(THE TASK):
Set down each line of the data exactly, but not the pictures.

(DATA EXCERPT):
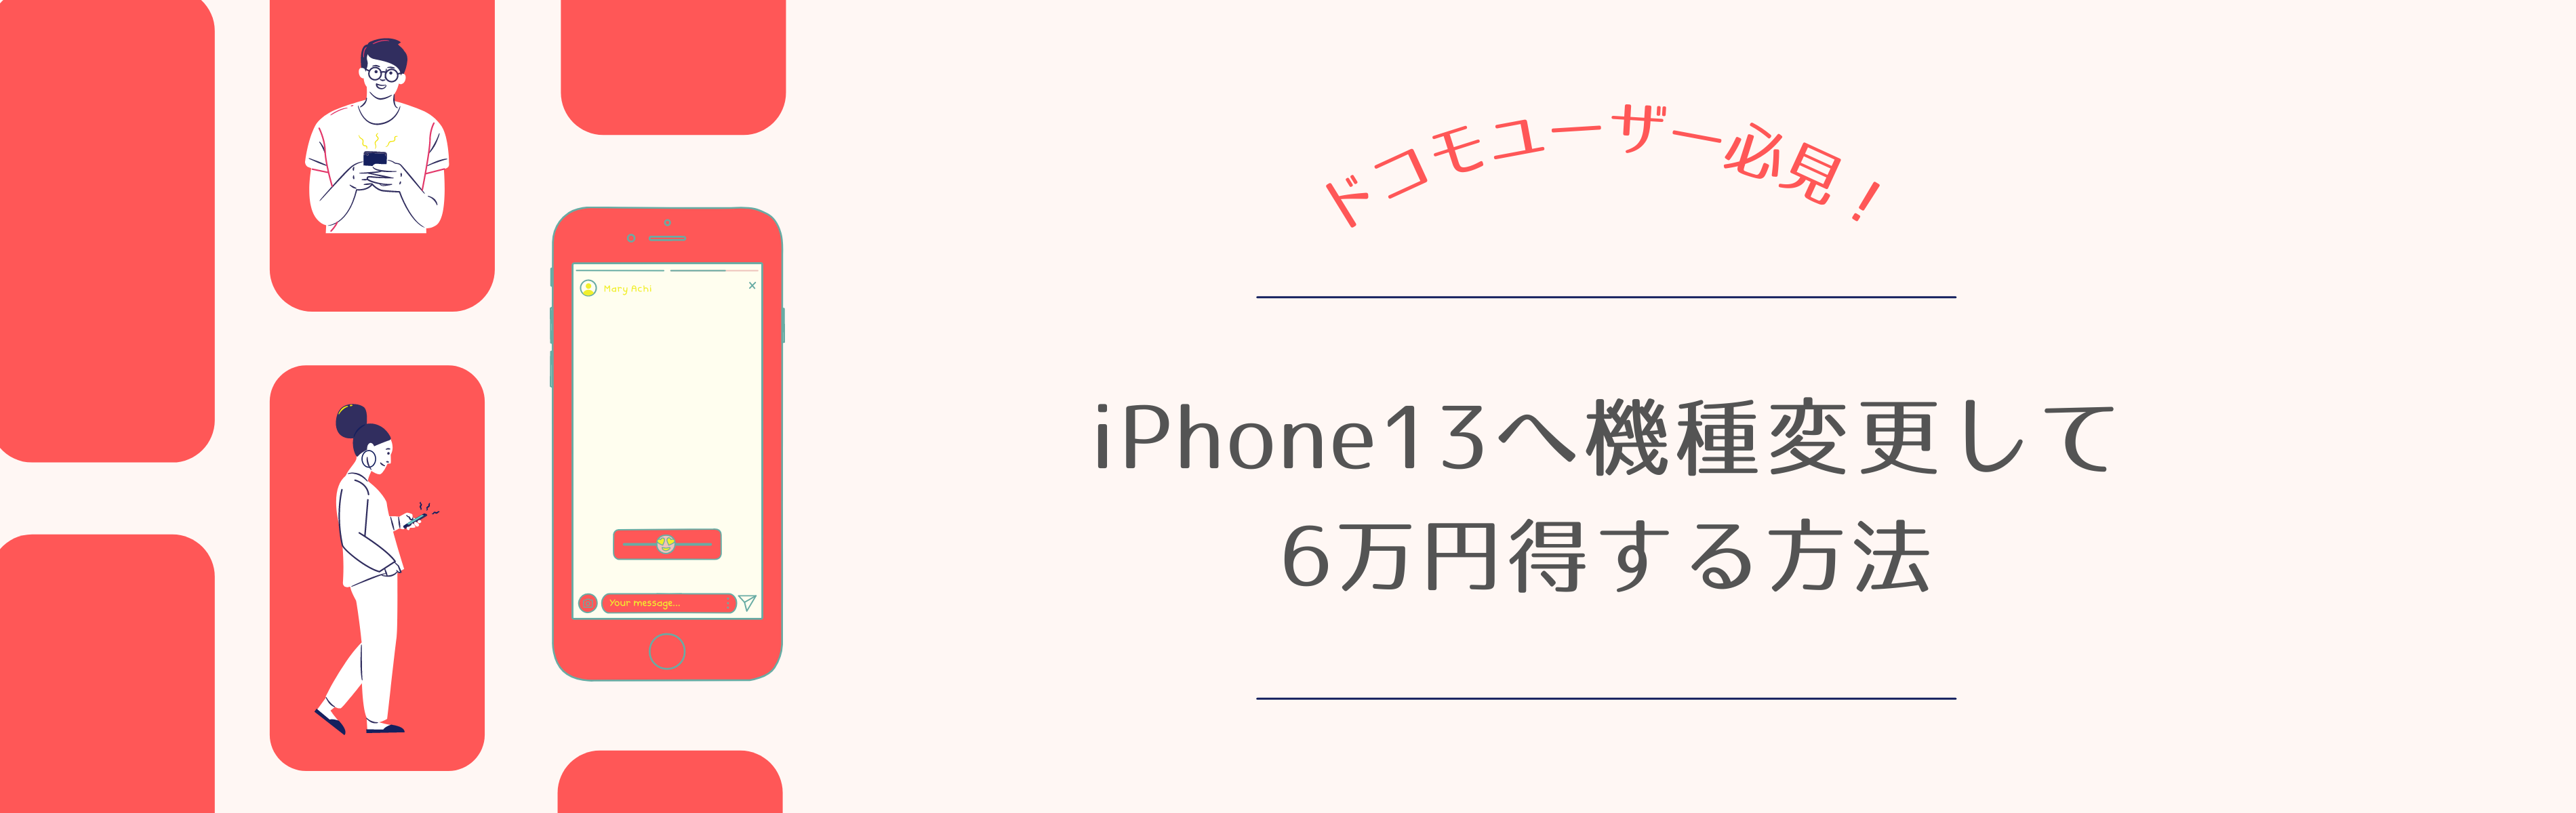 ドコモでiPhone13の機種変更をお得にする方法
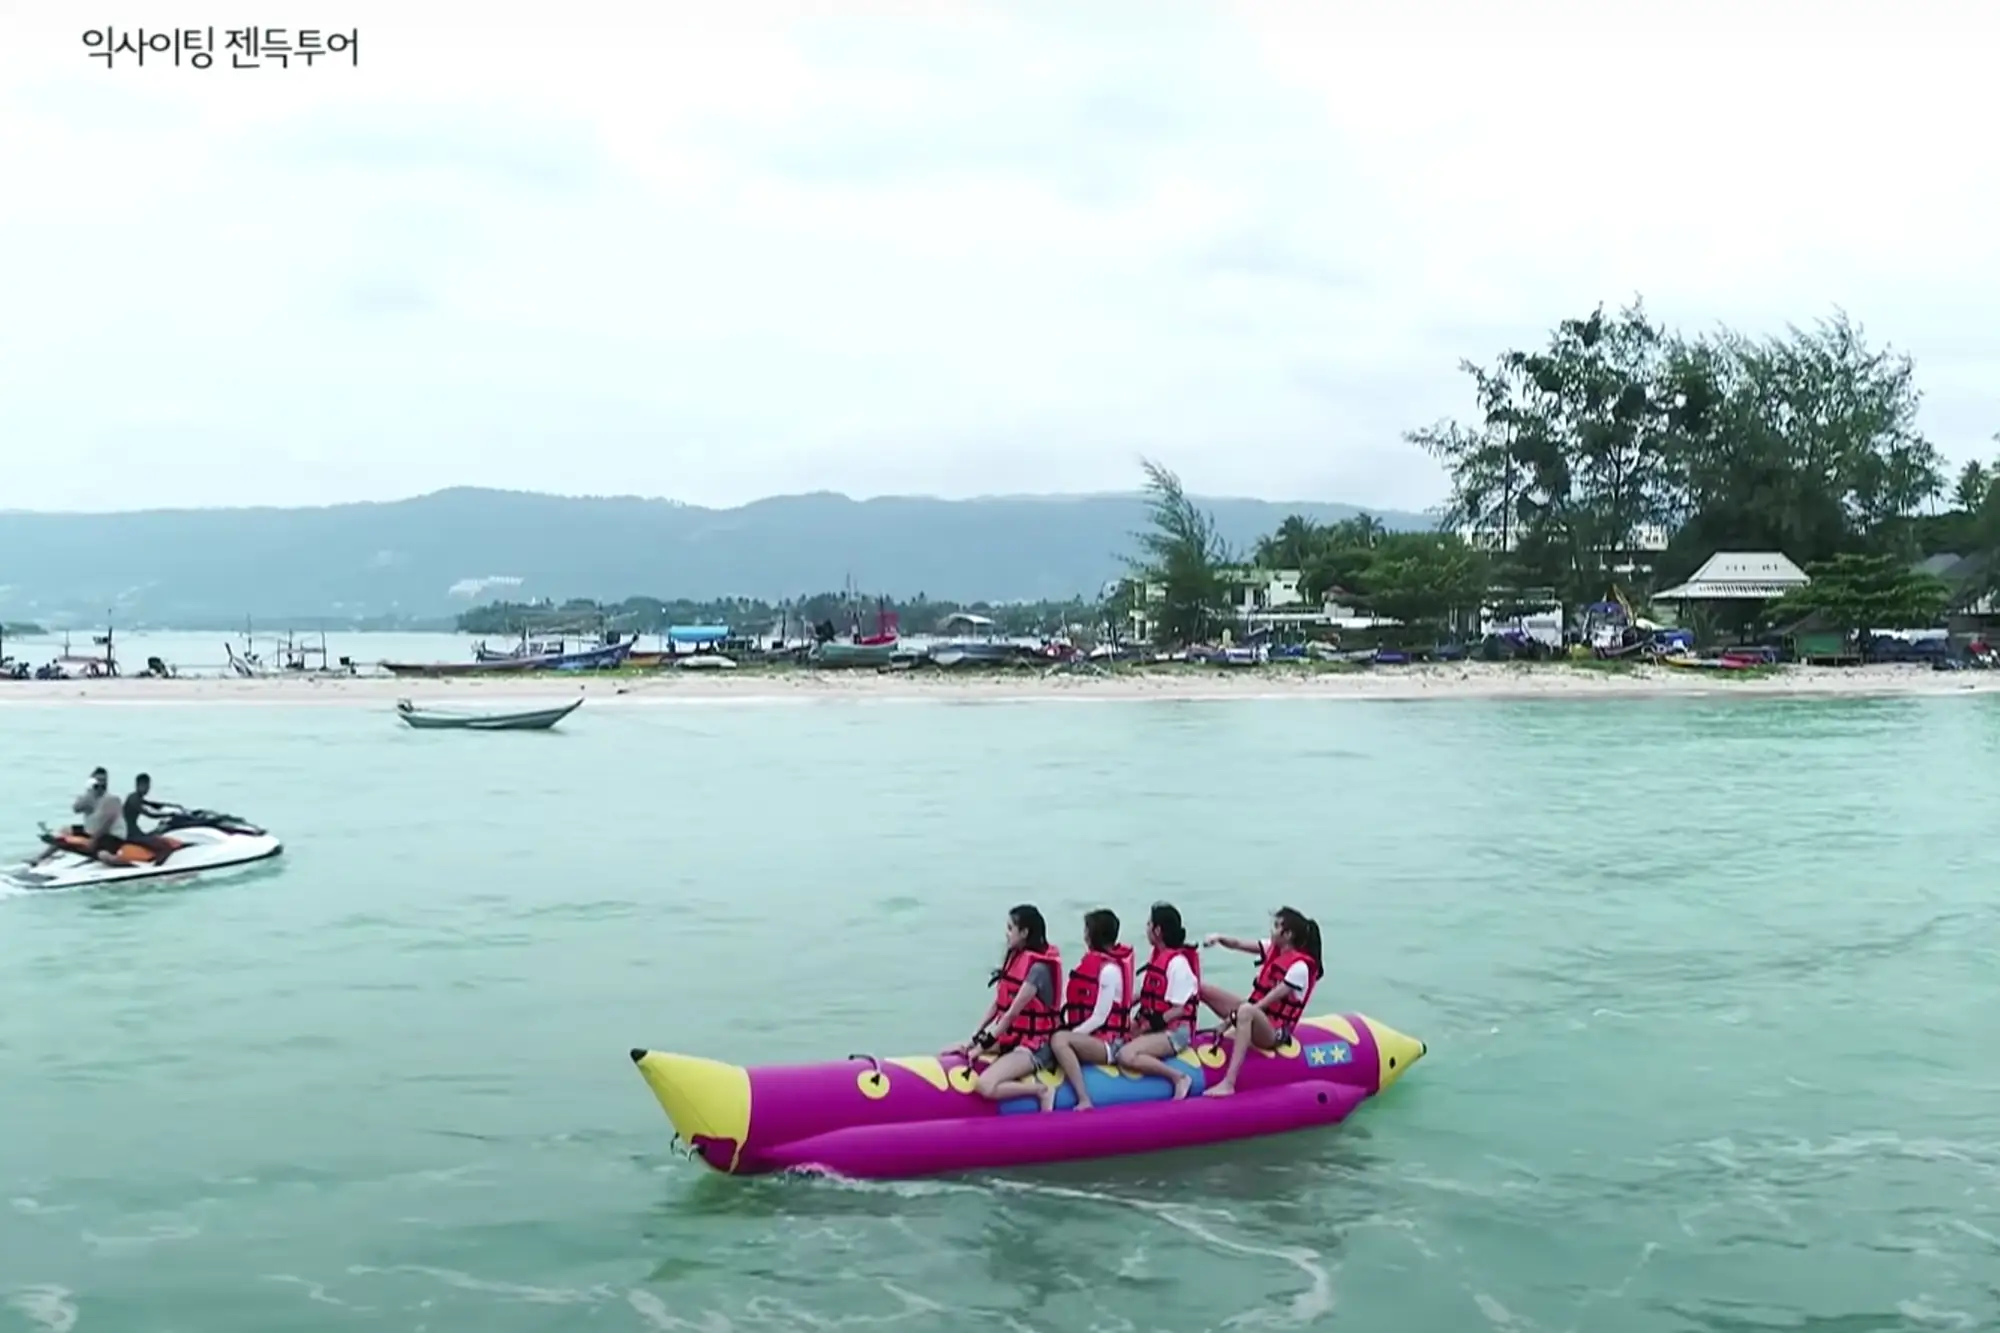 在蘇梅島，可以進行多樣的水上活動，如考驗力量速度的水上摩托、刺激而愜意的滑翔傘/拖拽傘、自由穿梭碧海的香蕉船等（Blackpink House影片截圖）
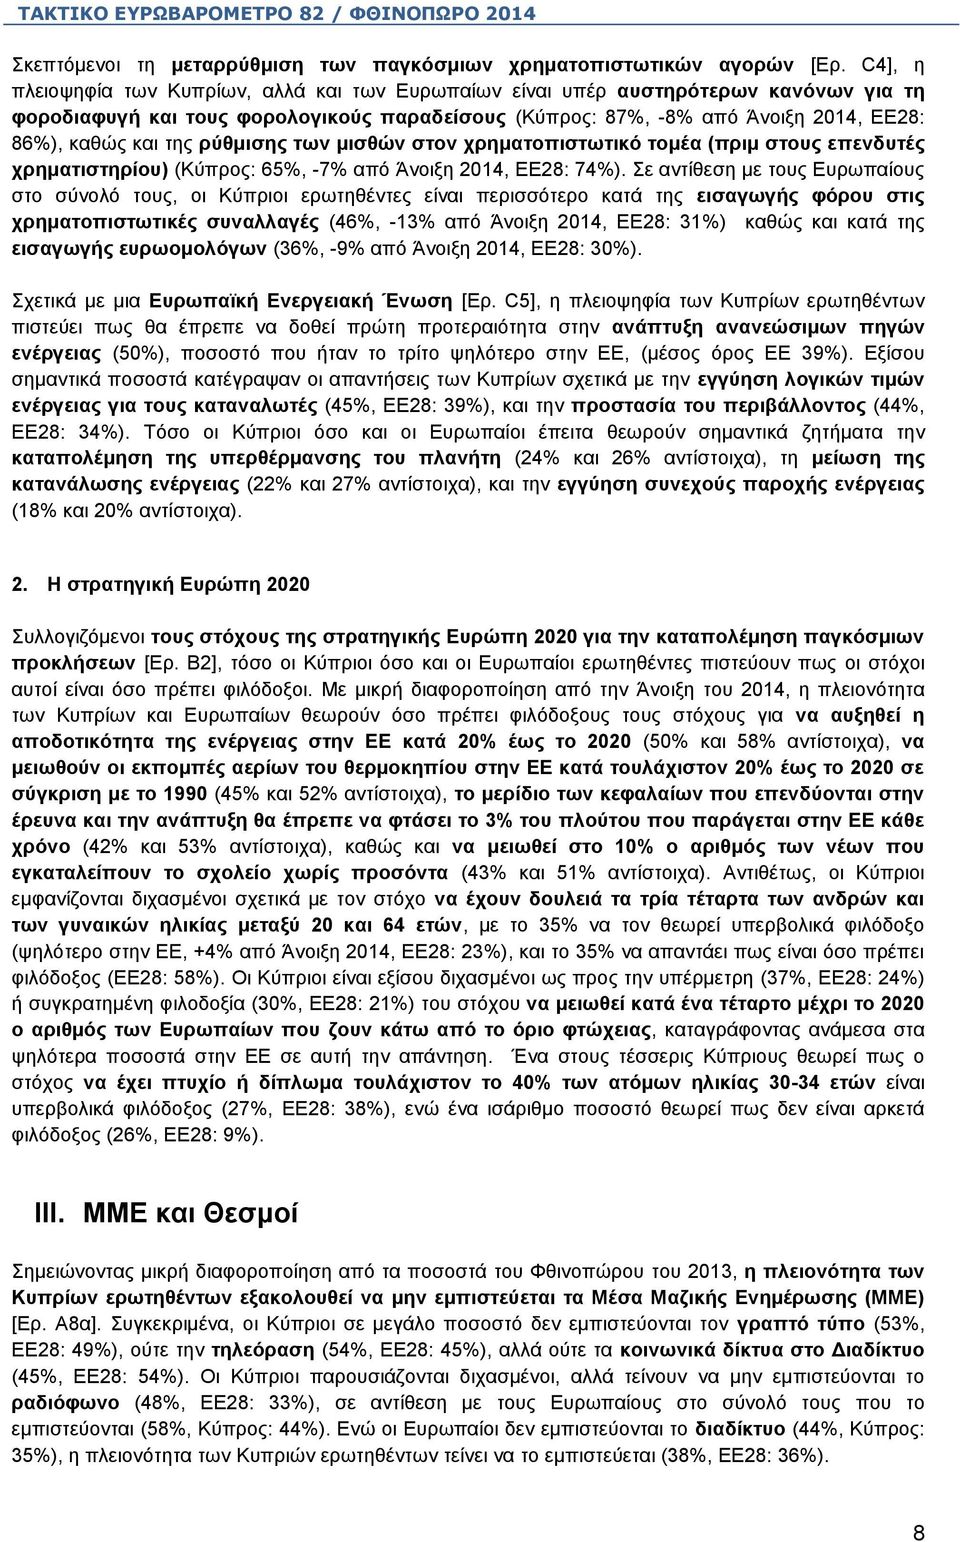 ρύθμισης των μισθών στον χρηματοπιστωτικό τομέα (πριμ στους επενδυτές χρηματιστηρίου) (Κύπρος: 65%, -7% από Άνοιξη 2014, ΕΕ28: 74%).

(WRITTEN ANSWER):
 ドコモでiPhone13の機種変更をお得にする方法
 在蘇梅島，可以進行多樣的水上活動，如考驗力量速度的水上摩托、刺激而愜意的滑翔傘/拖拽傘、自由穿梭碧海的香蕉船等（Blackpink House影片截圖）
 ρύθμισης των μισθών στον χρηματοπιστωτικό τομέα (πριμ στους επενδυτές χρηματιστηρίου) (Κύπρος: 65%, -7% από Άνοιξη 2014, ΕΕ28: 74%).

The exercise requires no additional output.